Overall, the data on TRT and CV events are scant and of insufficient quality to draw definite conclusions on this important topic. An adequately powered randomised controlled trial is needed to address this specific concern. Until this is clarified, clinicians should offer testosterone treatment only to men with proven testosterone deficiency (i.e. consistently low morning serum testosterone and signs and symptoms of androgen deficiency) and be cautious in those with relevant co-morbidities.

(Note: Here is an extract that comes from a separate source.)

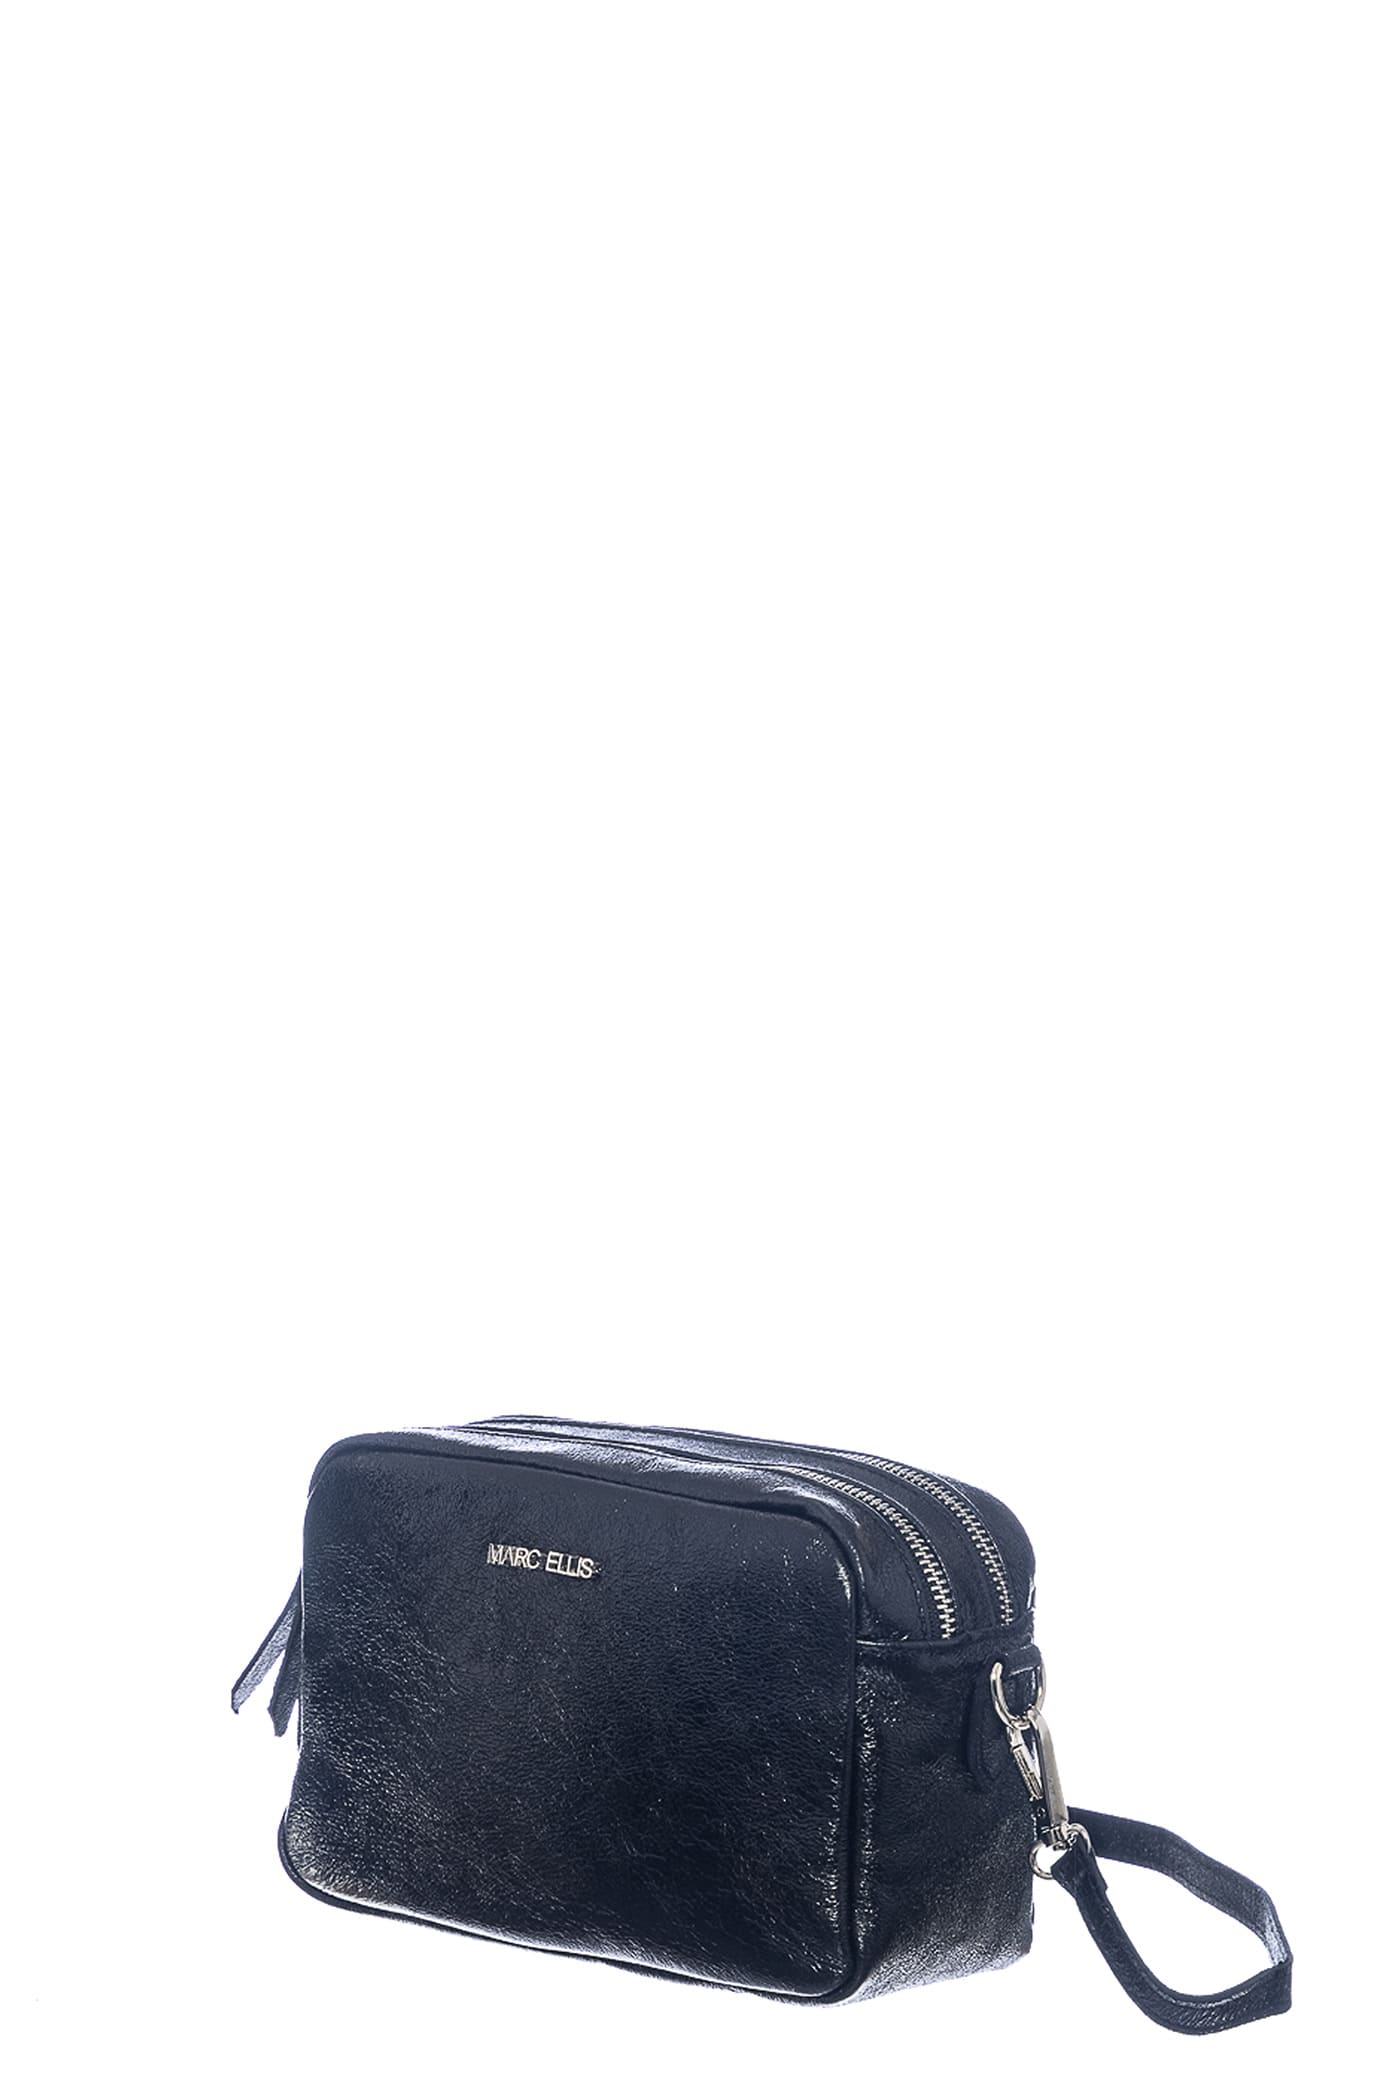 Marc Ellis Allyson Piper Shoulder Bag In Black Leather

Agnieszka Swiecicka, ST7 Endocrinology and Diabetes, and Clinical Research Fellow, Manchester University NHS Foundation Trust, and School of Medical Sciences, University of Manchester
REFERENCES
- Basaria S et al. 2010 New England Journal of Medicine 363 109–122.
- Vigen R et al. 2013 JAMA 310 1829–1836.
- Finkle WD et al. 2014 PLoS One 9 e85805.
- Shores MM et al. 2012 Journal of Clinical Endocrinology & Metabolism 97 2050–2058.
- Alexander GC et al. 2017 American Journal of Medicine 130 293–305.
- Fernández-Balsells MM et al. 2010 Journal of Clinical Endocrinology & Metabolism 95 2560–2575.